From the first line of the material to the line containing "Kancelaria Prawno Odszkodowawcza", inclusive, write out each line exactly, leaving out the pictures.

### COLLECTED MATERIAL
□ □ □ □ □

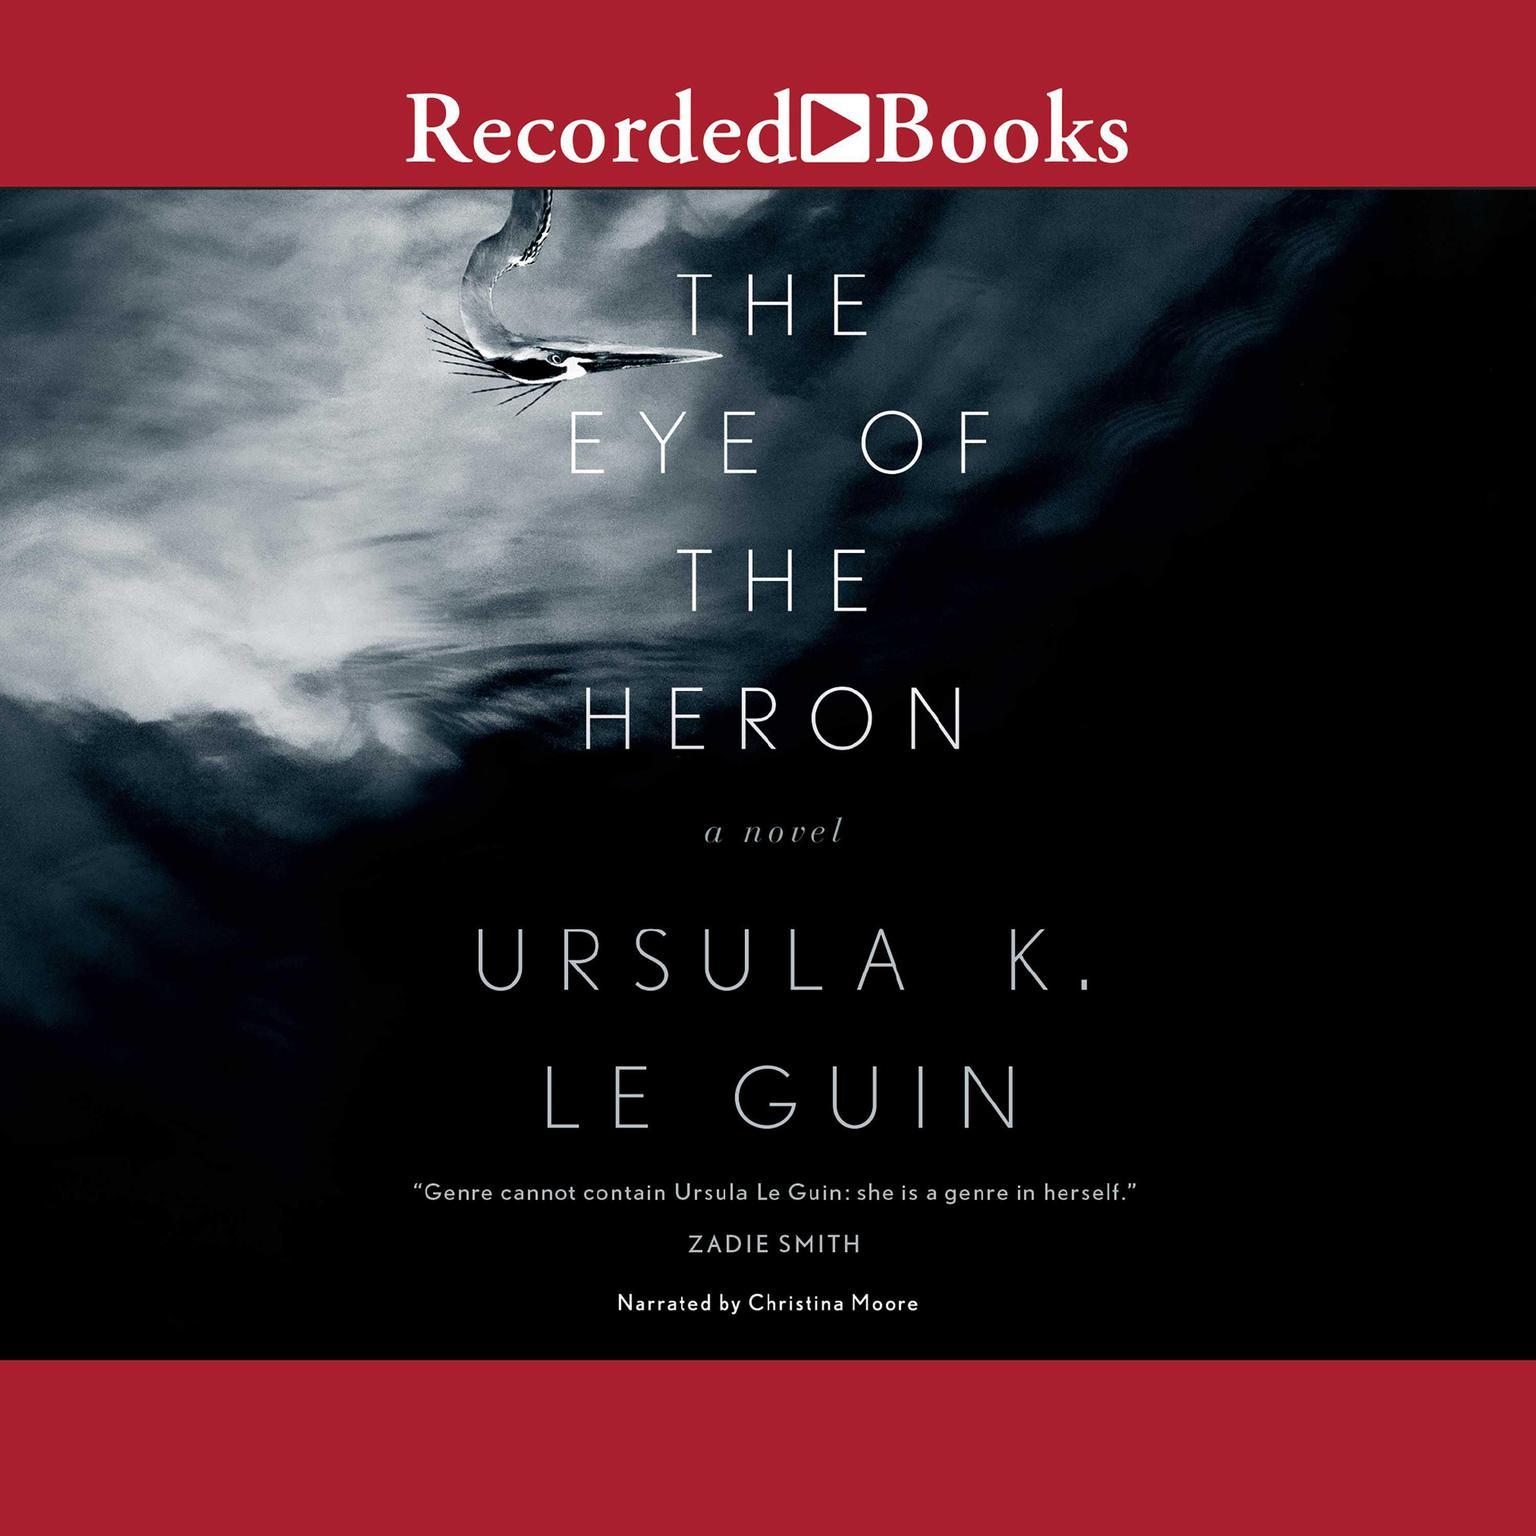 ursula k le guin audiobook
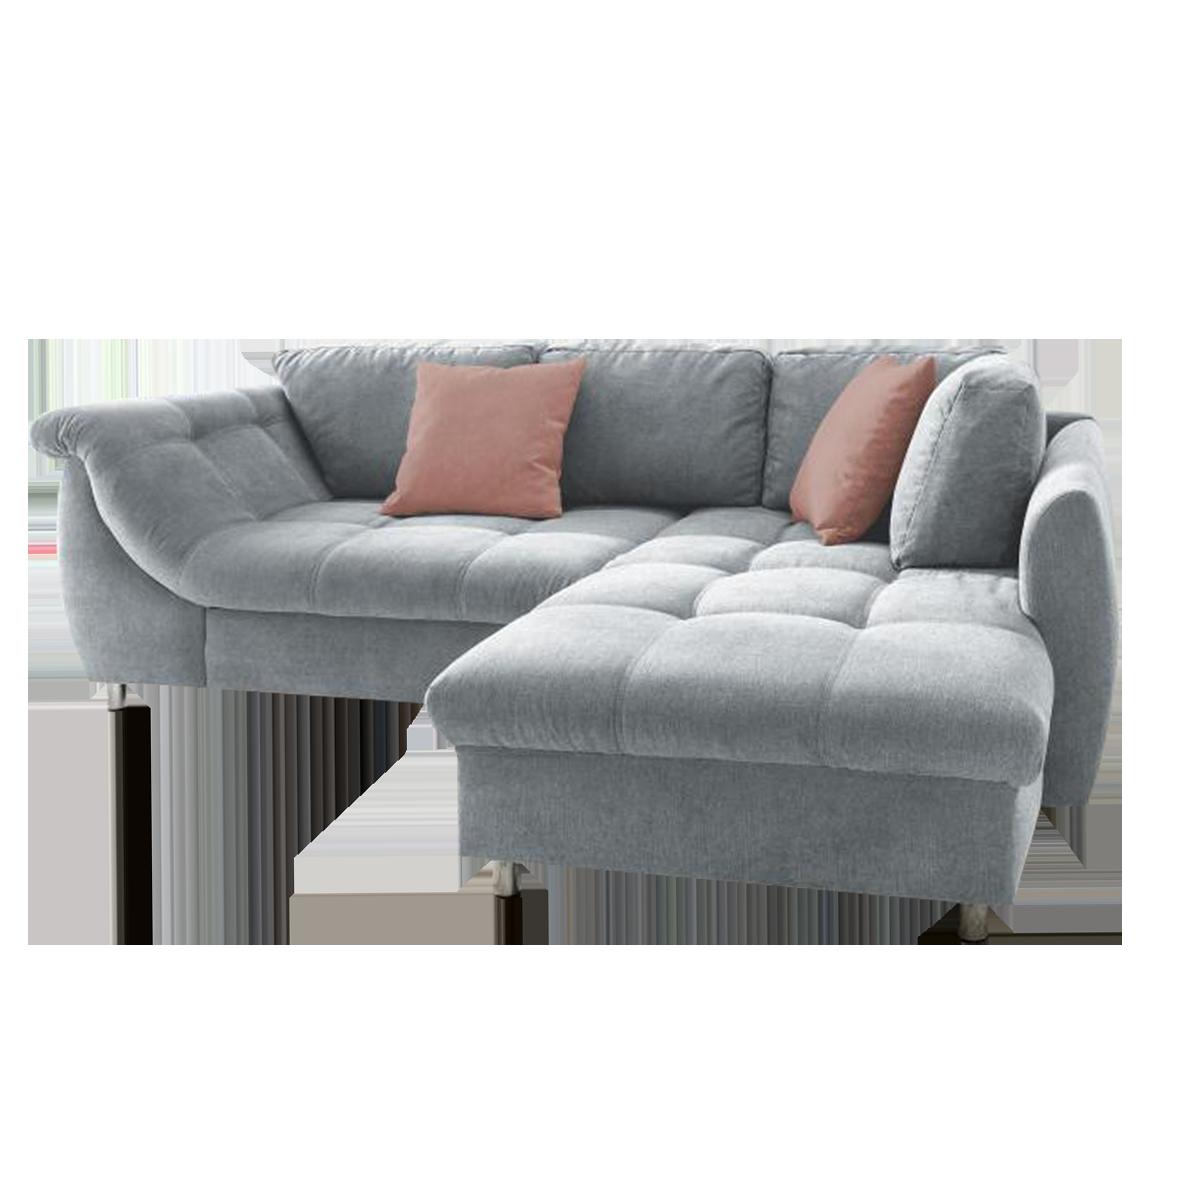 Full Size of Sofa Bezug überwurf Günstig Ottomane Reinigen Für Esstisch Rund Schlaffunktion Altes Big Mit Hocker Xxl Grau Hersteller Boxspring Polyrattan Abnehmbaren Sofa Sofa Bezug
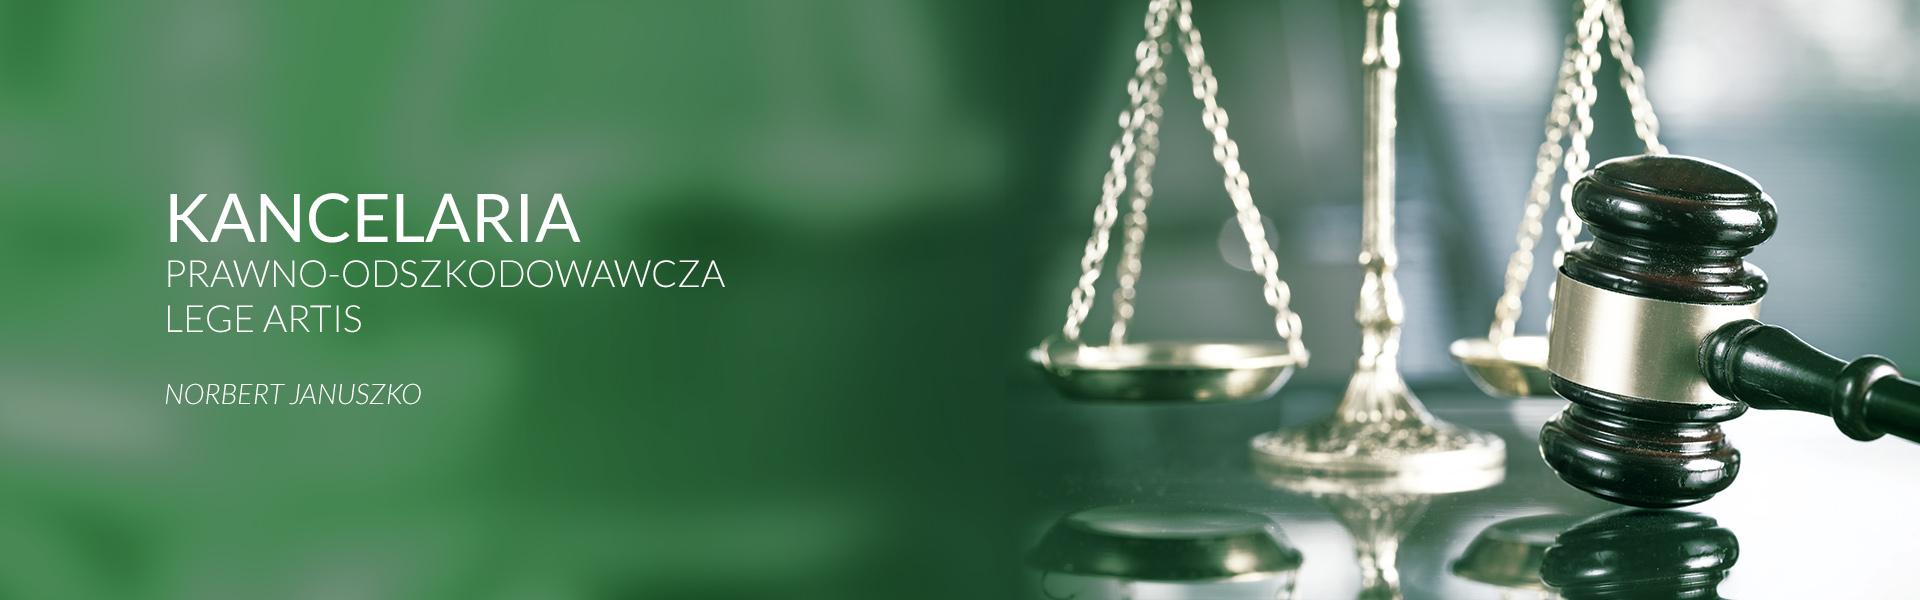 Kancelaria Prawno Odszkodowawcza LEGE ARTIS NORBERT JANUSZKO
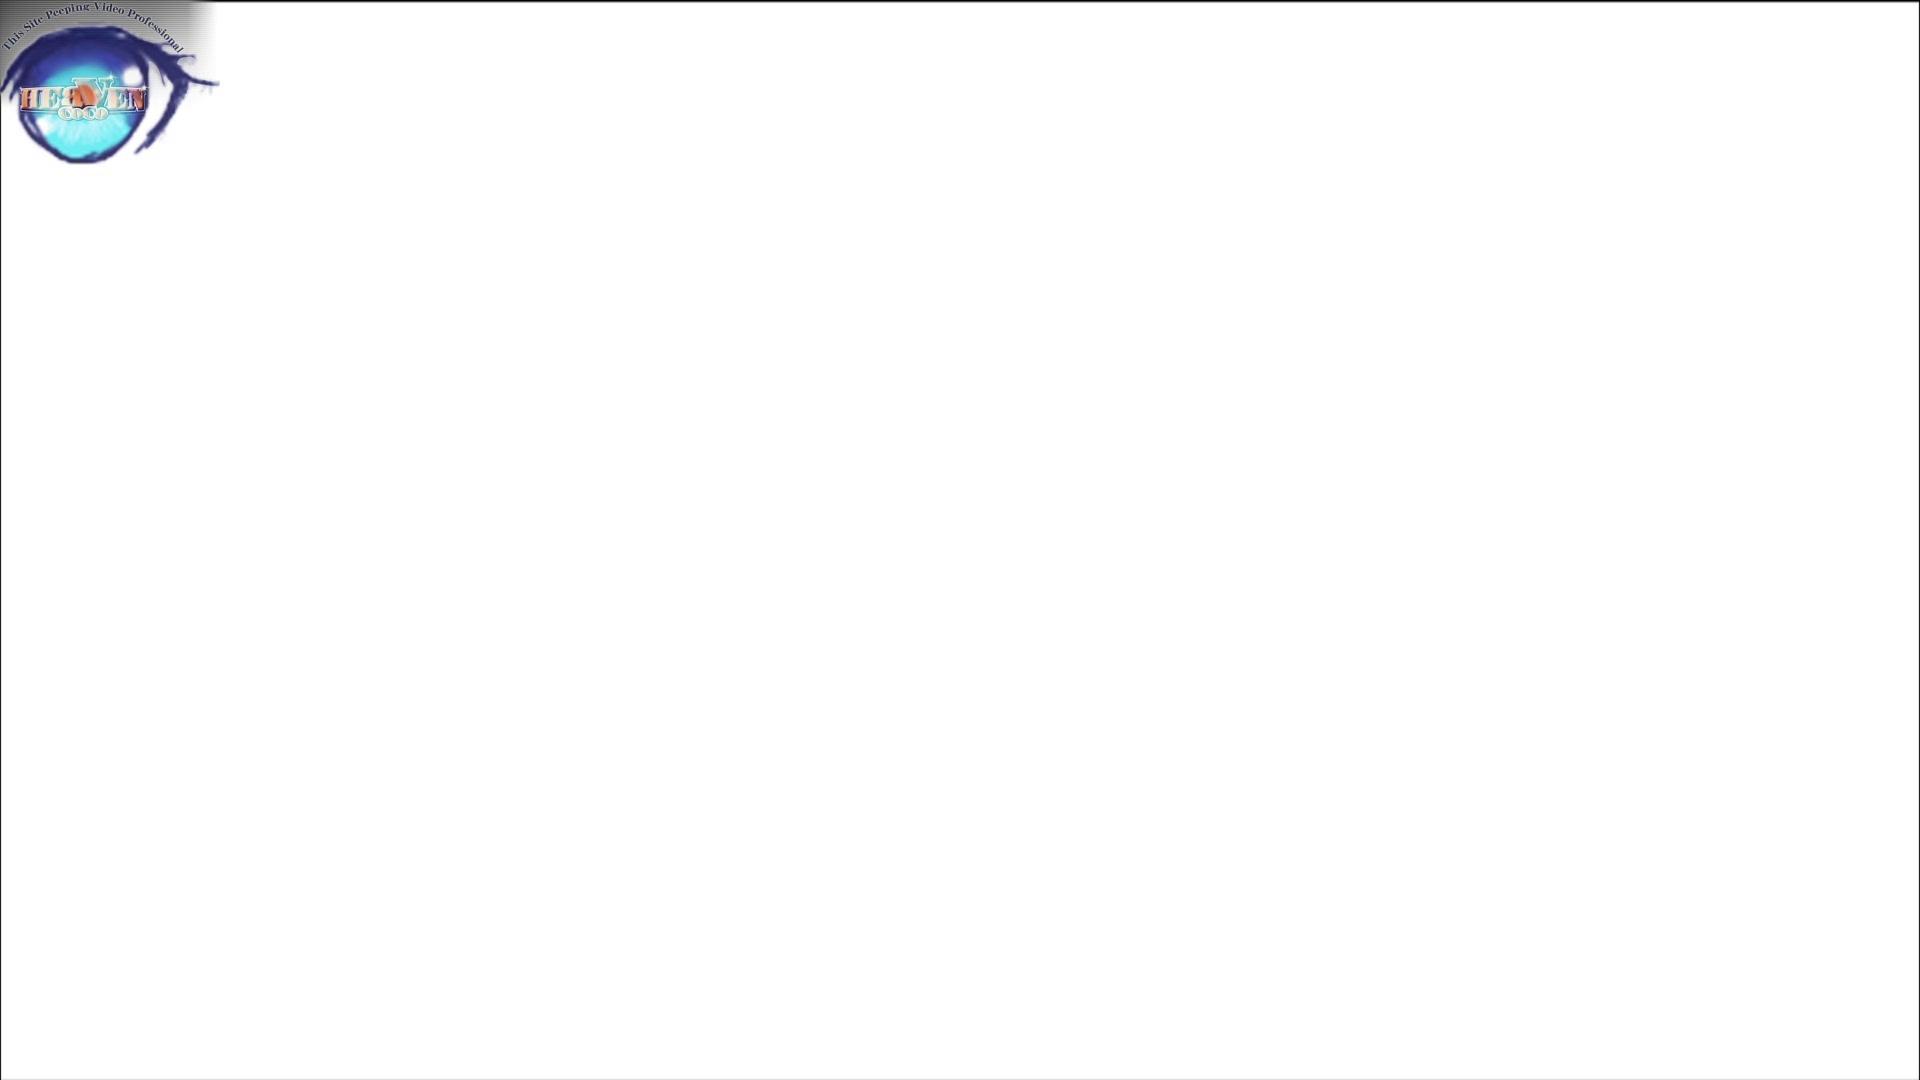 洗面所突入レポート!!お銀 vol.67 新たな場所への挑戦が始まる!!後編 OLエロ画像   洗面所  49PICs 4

□ □ □ □ □

### RESULT
 ursula k le guin audiobook
 Full Size of Sofa Bezug überwurf Günstig Ottomane Reinigen Für Esstisch Rund Schlaffunktion Altes Big Mit Hocker Xxl Grau Hersteller Boxspring Polyrattan Abnehmbaren Sofa Sofa Bezug
 Kancelaria Prawno Odszkodowawcza LEGE ARTIS NORBERT JANUSZKO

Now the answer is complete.